“Someone knows you’re interested,” Metal said soberly. “Otherwise that message doesn’t make sense. You don’t tell someone to look after their neighbor unless you know there’s some relationship there.”
“And you don’t take high-level precautions to hide your identity,” Felicity added. She touched her magic computer. “This guy, or this woman, employed a lot of difficult tricks to hide his or her identity. It’s not just a question of an anonymizer. The person who sent the message had to take a number of steps to hide their identity, and not easy steps, either. That person had to work, and work hard, to hide from me.”
She said it without false modesty. Felicity was the best of the best and she knew it.
“Someone’s watching you,” Metal said. “No way around it.”
“Or watching Isabel.” Joe didn’t know which thought bothered him more.
“And you’re not catching it.” Metal shook his head. “I don’t buy it. You’ve got good situational awareness. You haven’t noticed anything, anything at all?”
Joe shook his head.
“Security cams,” Felicity said suddenly and both men turned to her.
“What?”
But she was too busy communing with her laptop, fingers flying over the keyboard. She sat back and turned the monitor so he and Metal could see. Joe’s eyes widened.
She had some kind of map of their street with an overlay of security cameras with their field of vision. His street with projected cones over several houses.
“Okay, these are the security cams on your street, including yours and Isabel’s. Someone has probably hacked into some of them.”
“Not mine,” Joe said heatedly.
“No,” Felicity said softly. “I set yours up myself and they are not hackable.”
“And I set up Isabel’s system using your equipment and software.” So nobody had hacked his vidcam system or Isabel’s.
“What about the vidcams in the neighborhood,” he asked. “Are they hackable?”
Felicity had kept up the computer patter, fingers flying. “Oh, yeah,” she said and turned the monitor toward him. He and Metal bent forward.
And shit. Sure enough, there was his front doorstep, front and center of the camera view of his neighbor across the street, Edward Crawford, a retired doctor. Isabel’s doorstep was at the edge, barely visible. But when she walked down the small paved path to her gate, she’d be visible.

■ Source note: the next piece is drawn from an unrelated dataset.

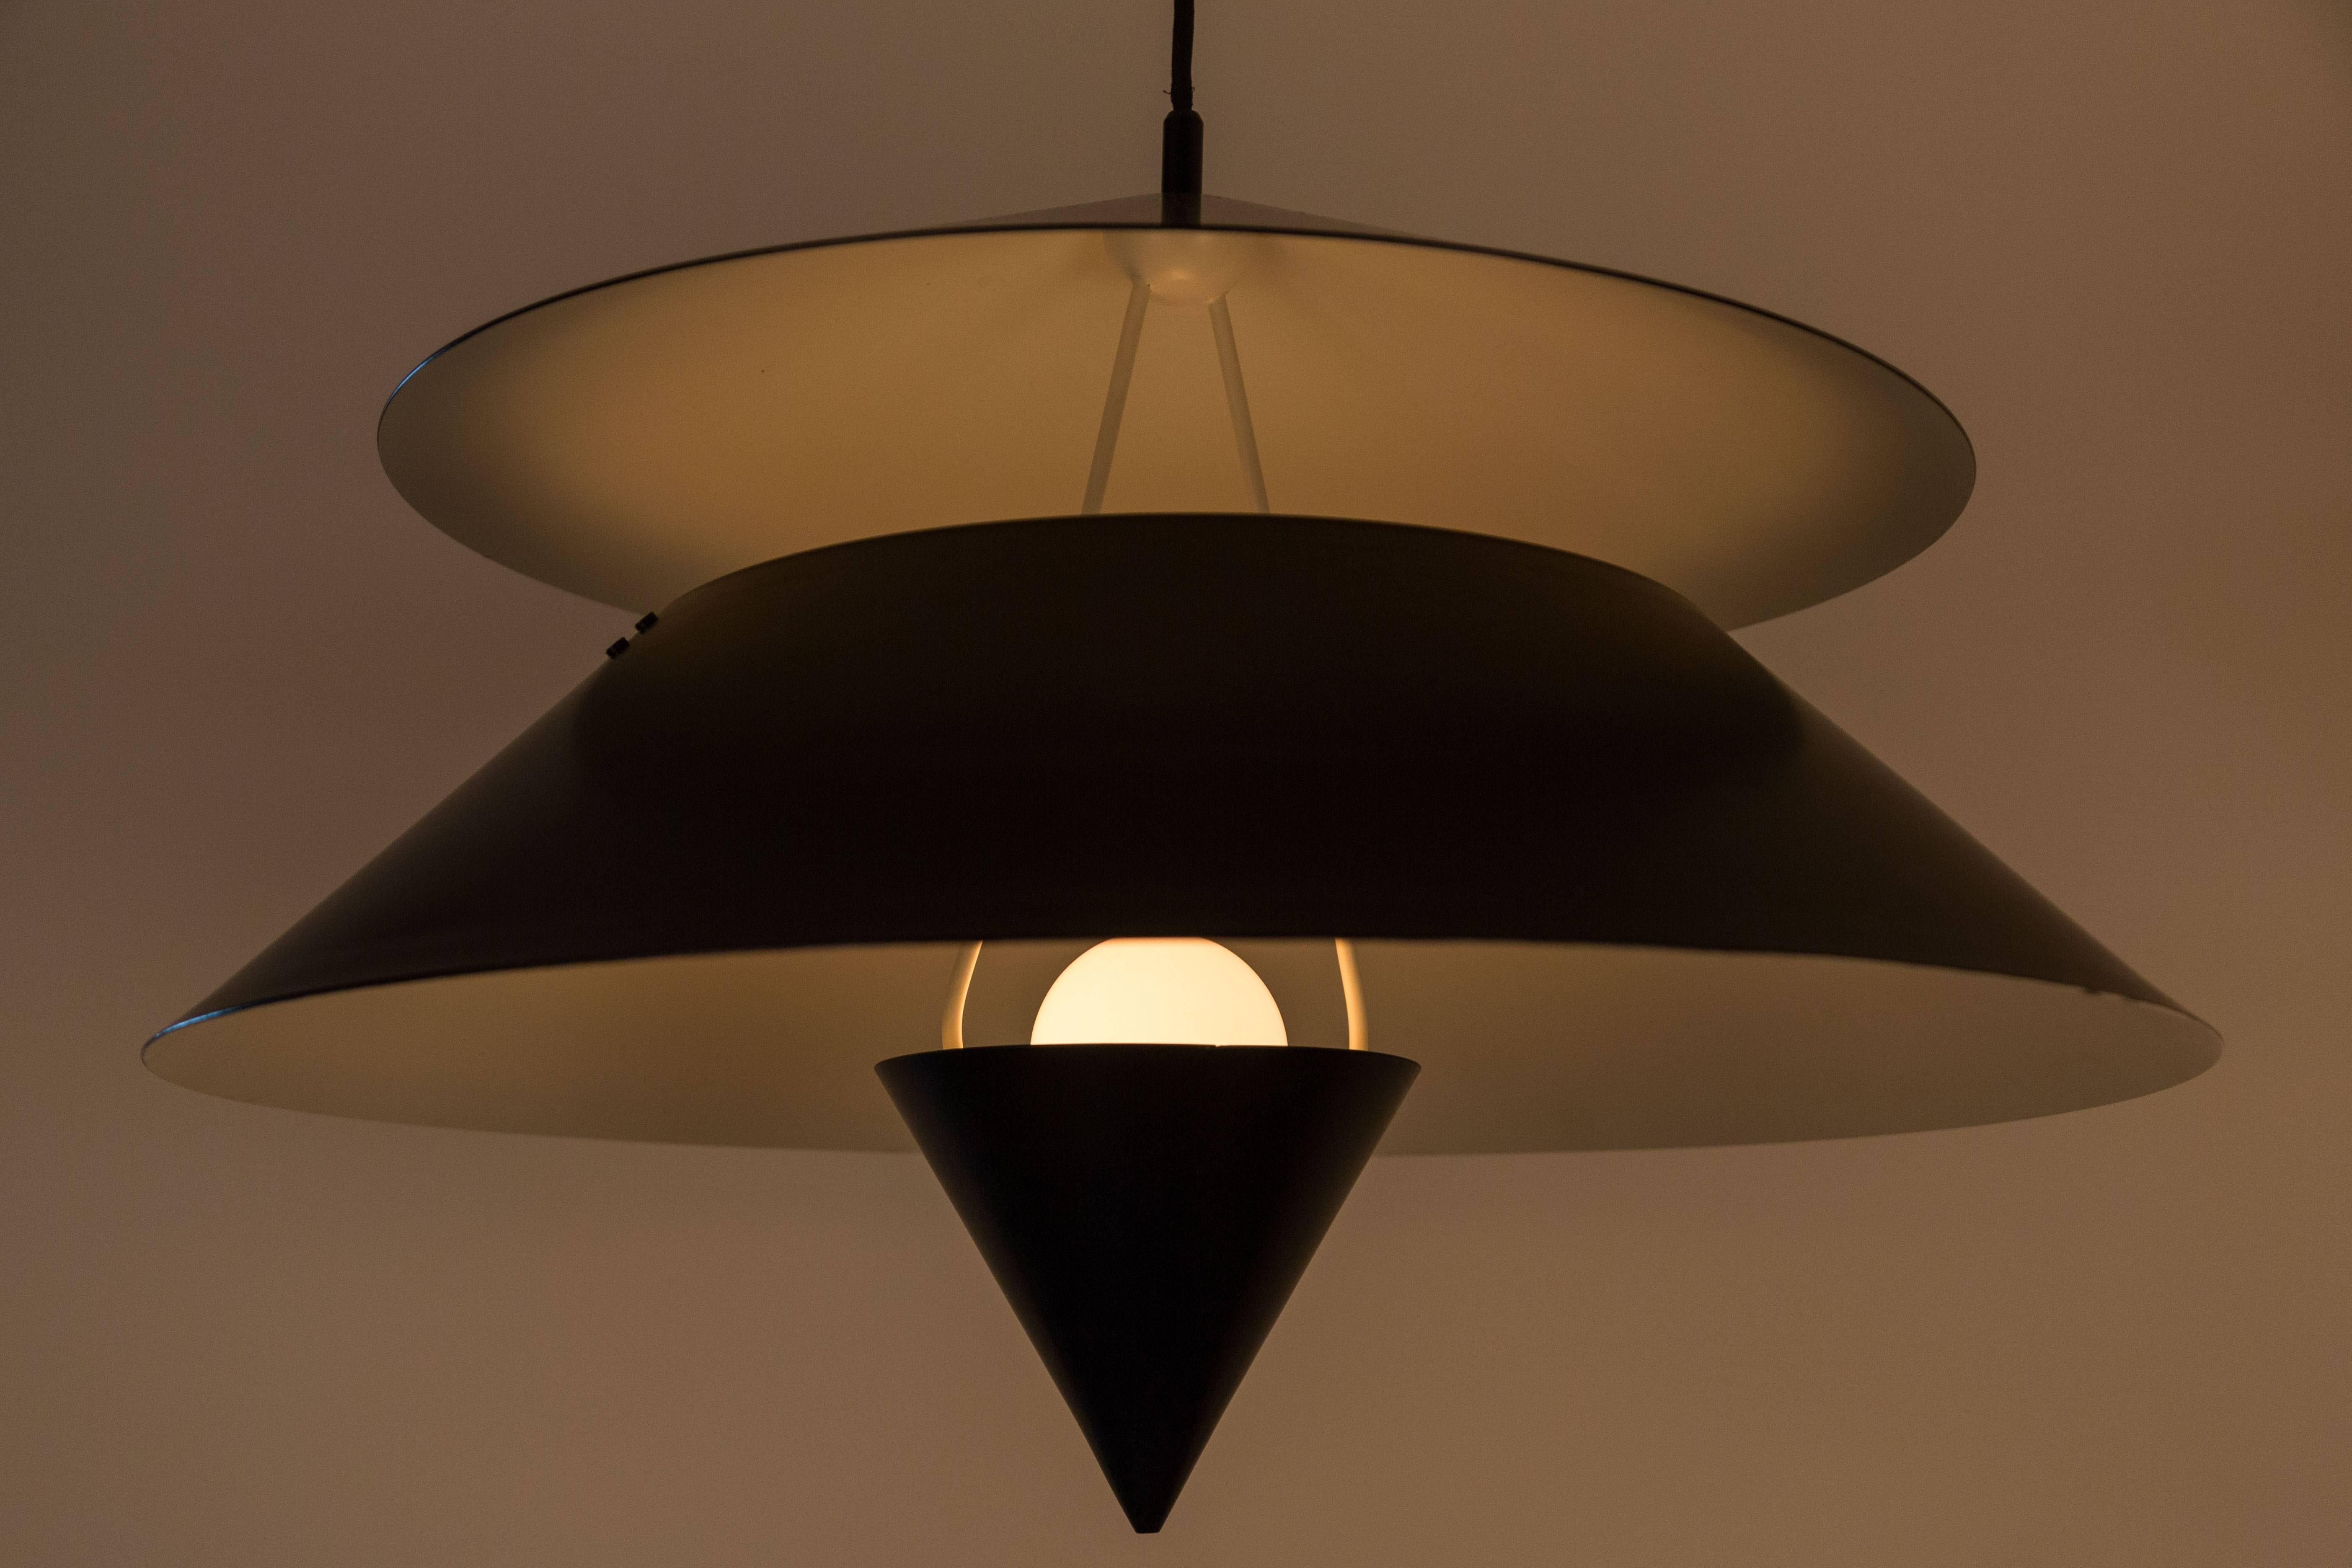 Akaari painted metal pendant designed by Vico Magistretti for Oluce. E27 75w maximum bulb. Overall drop can adjusted.

Felicity scrolled, from vidcam to vidcam, and he got a choppy view of his side of the street down to the park, where security vidcams took over.
“Are these vidcams hackable by someone who’s not you?” he asked.
“Oh yeah,” Felicity said. “You’d need a little nimbleness and savvy but they are hackable. You don’t have to be me to do it.”
Again, she said that without false pride. She knew how good she was.
Joe swallowed. “Have they been hacked?”
Felicity frowned. “Now, that I can’t say. Because I’m assuming that whoever is doing this is pretty good. Good enough to cover his traces.” She gave a half smile. “Or her traces. I’m assuming it’s a guy, though.”
“Yeah.”
“You still have that same email address? You didn’t change it to Joe.Harris123 did you?”
Felicity had a thing with passwords and email addresses. All of her passwords were created using a randomizer—and she remembered them all—and her email address was impossible to guess.
“Yeah.” Joe rubbed the back of his neck. “You pounded that home to me. To all of us. So not only is this guy following me and following Isabel, he?—”
“Has a stake in this. He cares for some reason,” Metal said.
“That’s the thing that has me worried.” Joe looked at his friend who was looking as grim as he felt. “Someone is watching us who cares. And reaching out and touching me. So, yeah, he’s saying I need to protect Isabel but how do I know he’s a friend?”